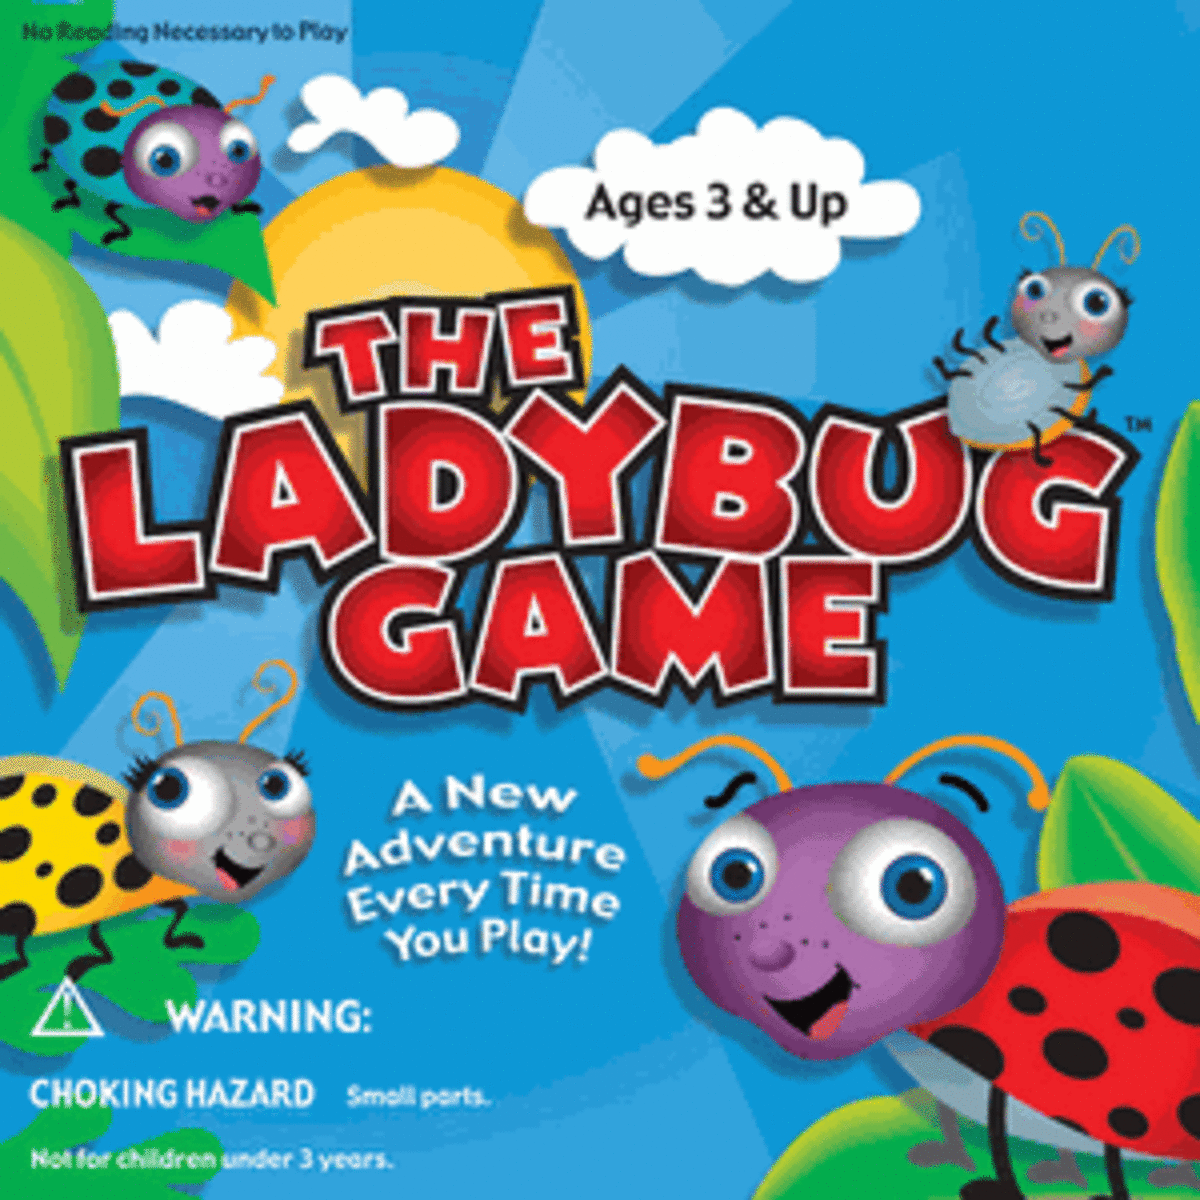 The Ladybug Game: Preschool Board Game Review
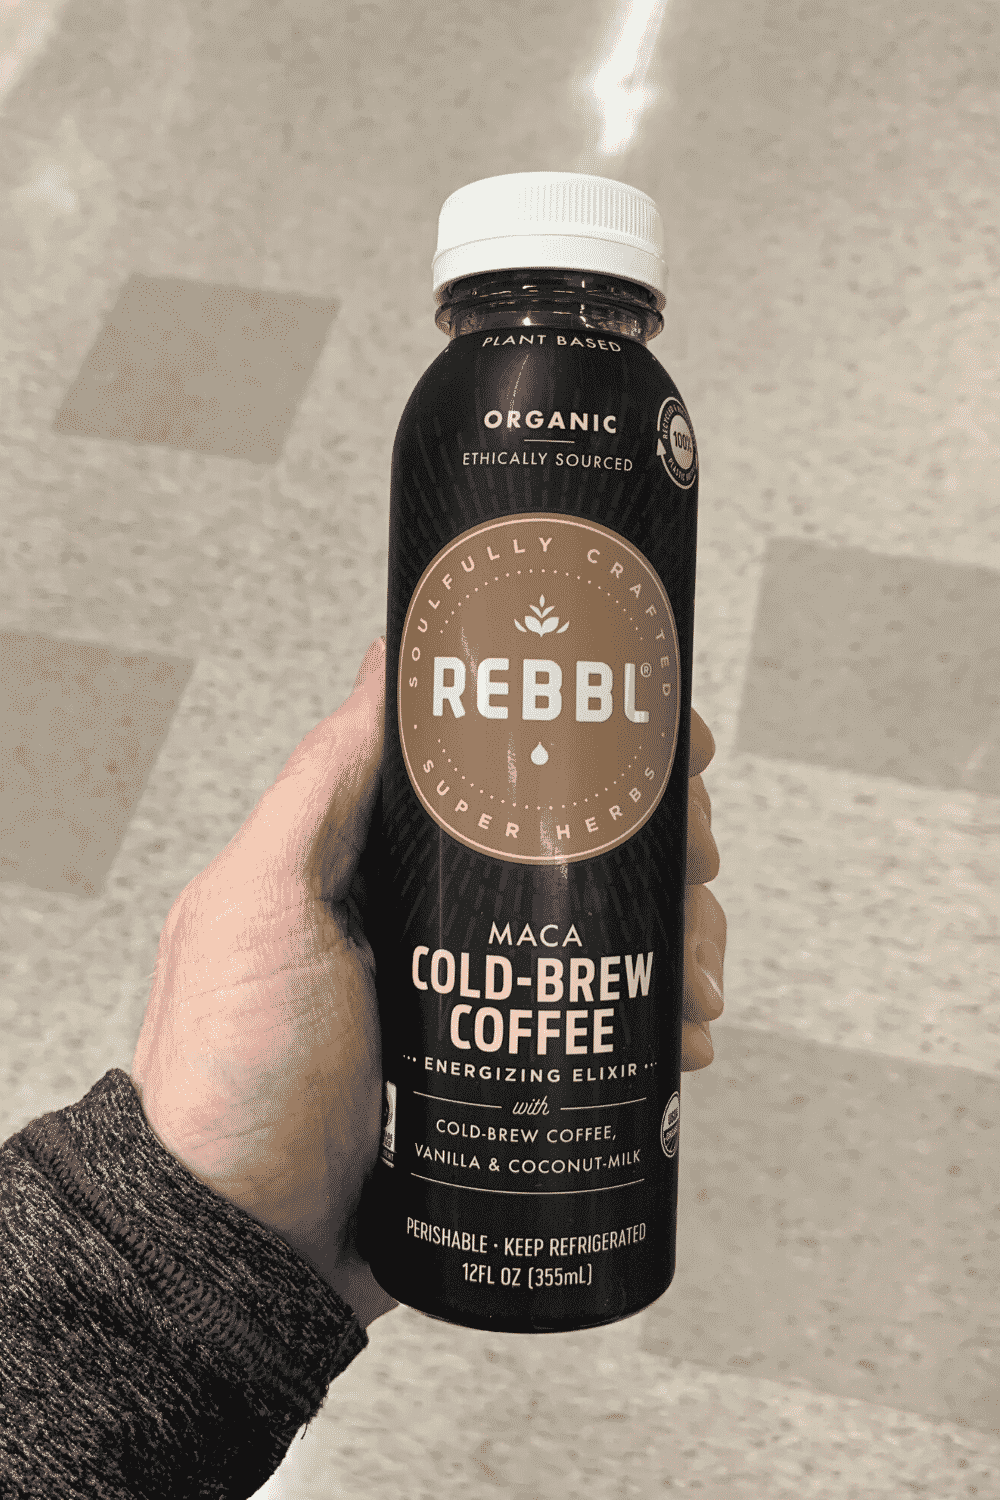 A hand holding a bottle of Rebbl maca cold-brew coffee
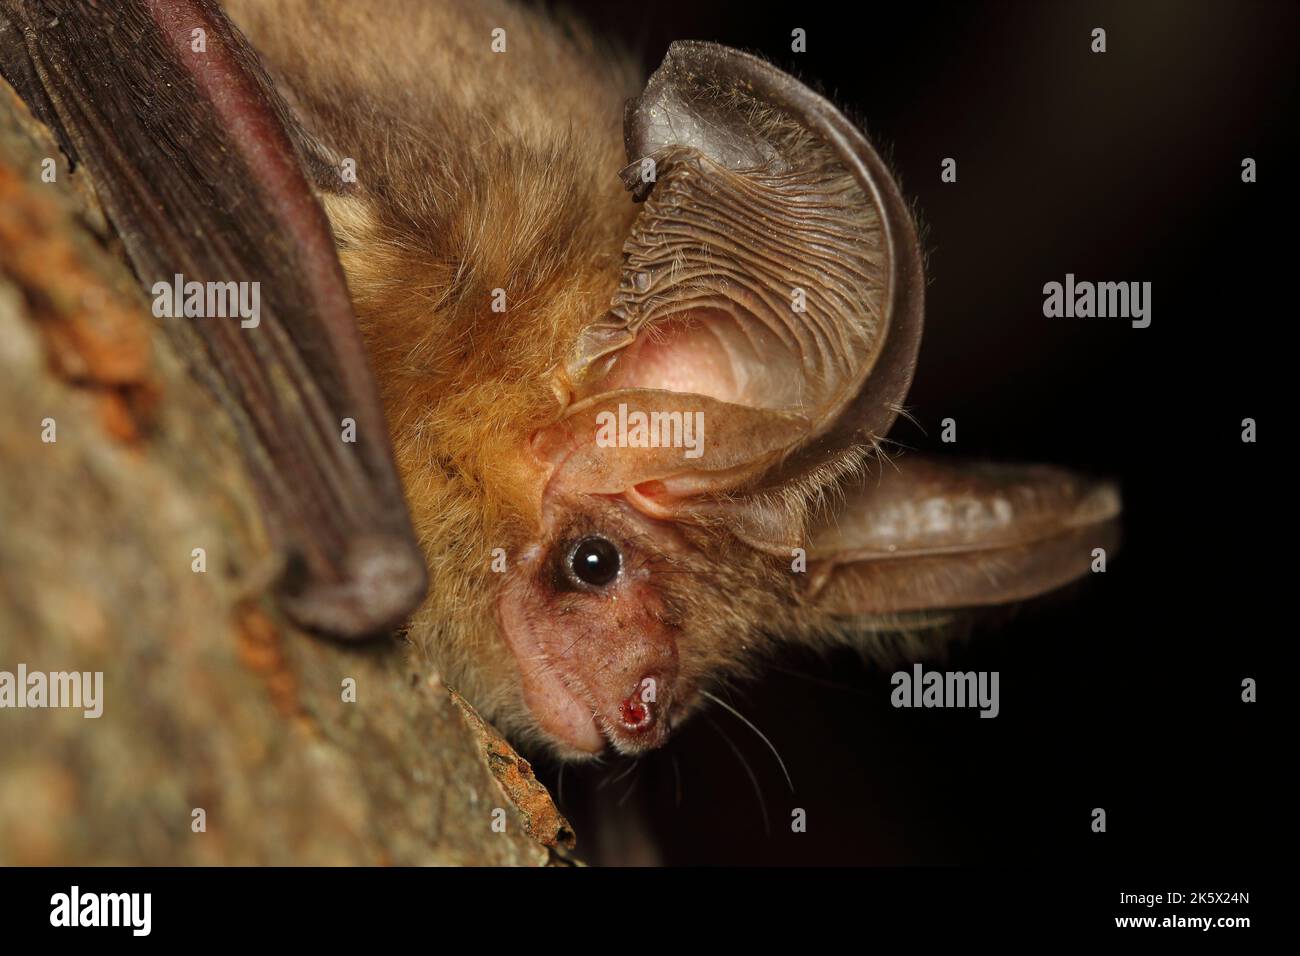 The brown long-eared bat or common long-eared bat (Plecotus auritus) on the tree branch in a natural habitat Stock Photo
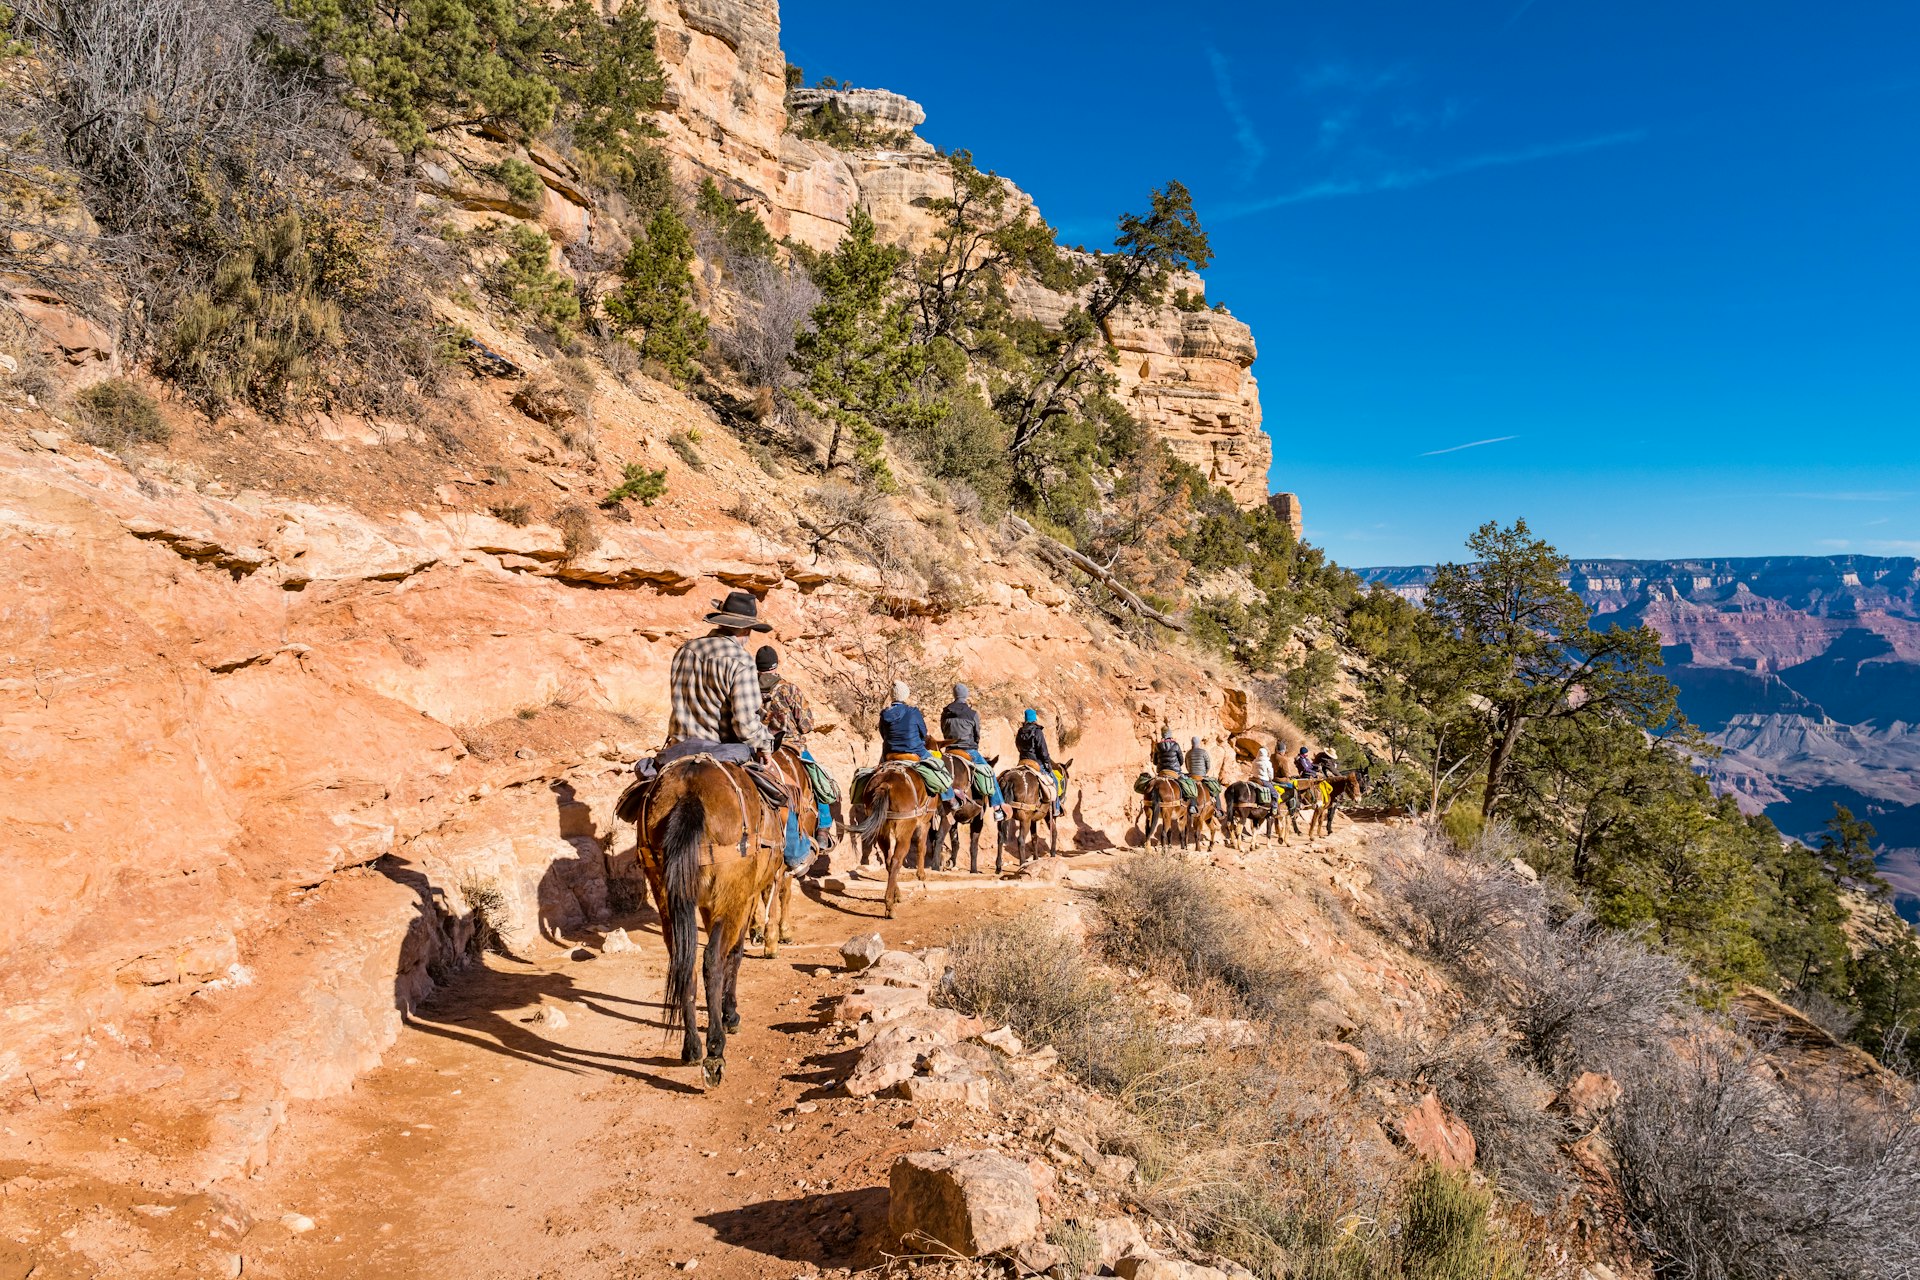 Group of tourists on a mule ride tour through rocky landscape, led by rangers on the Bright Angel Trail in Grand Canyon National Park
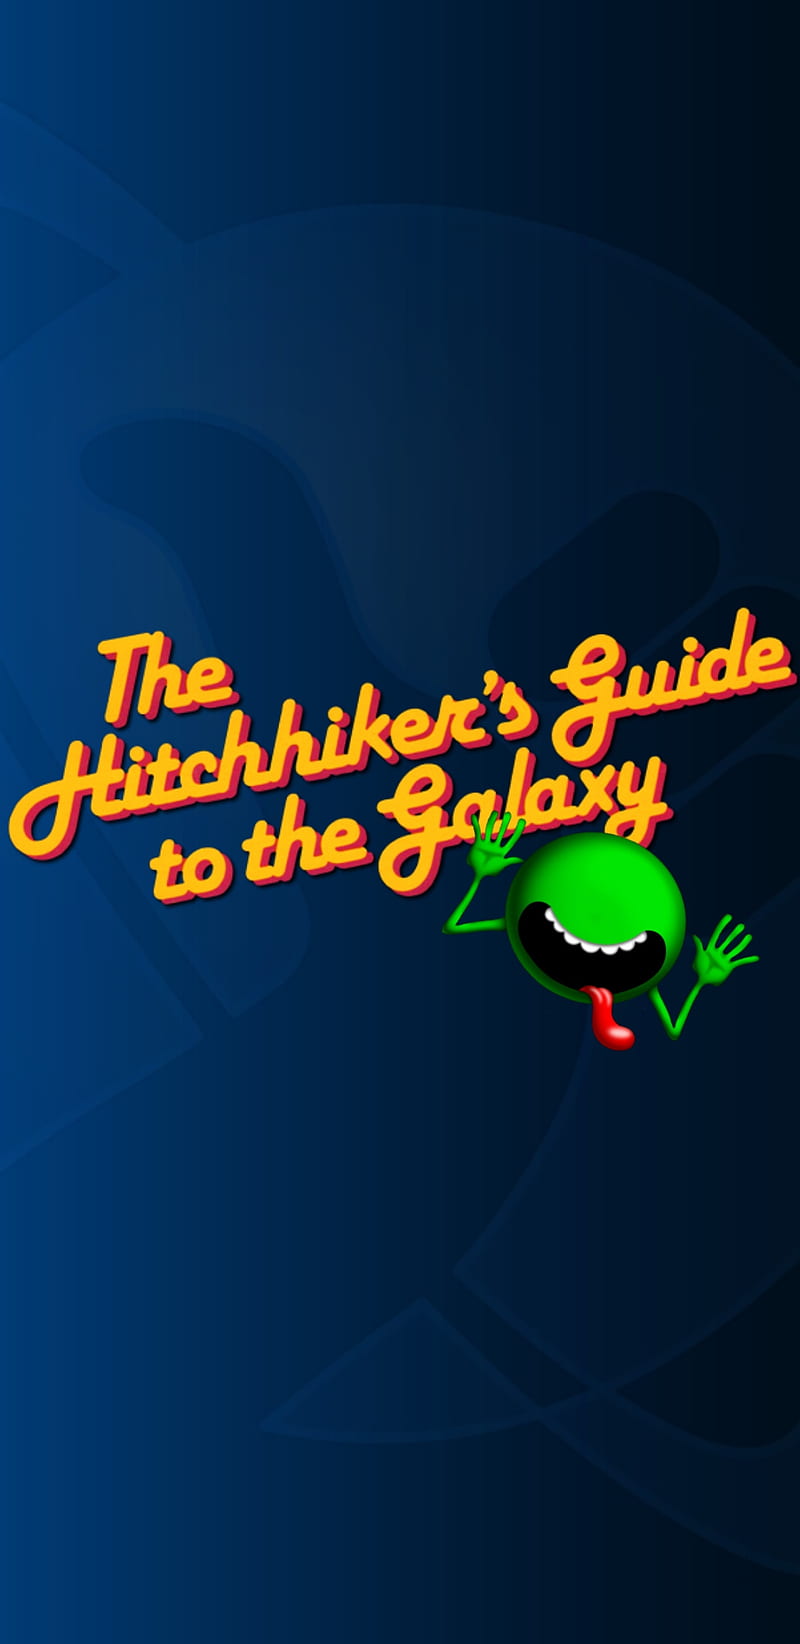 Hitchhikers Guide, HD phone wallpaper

_WORK TASK:_ This task calls for the listing to be restated exactly, with images omitted.

_EXERCISE RESULT:_
 The Ladybug Game: Preschool Board Game Review
 A hand holding a bottle of Rebbl maca cold-brew coffee
 The brown long-eared bat or common long-eared bat (Plecotus auritus) on the tree branch in a natural habitat Stock Photo
 Group of tourists on a mule ride tour through rocky landscape, led by rangers on the Bright Angel Trail in Grand Canyon National Park
 Hitchhikers Guide, HD phone wallpaper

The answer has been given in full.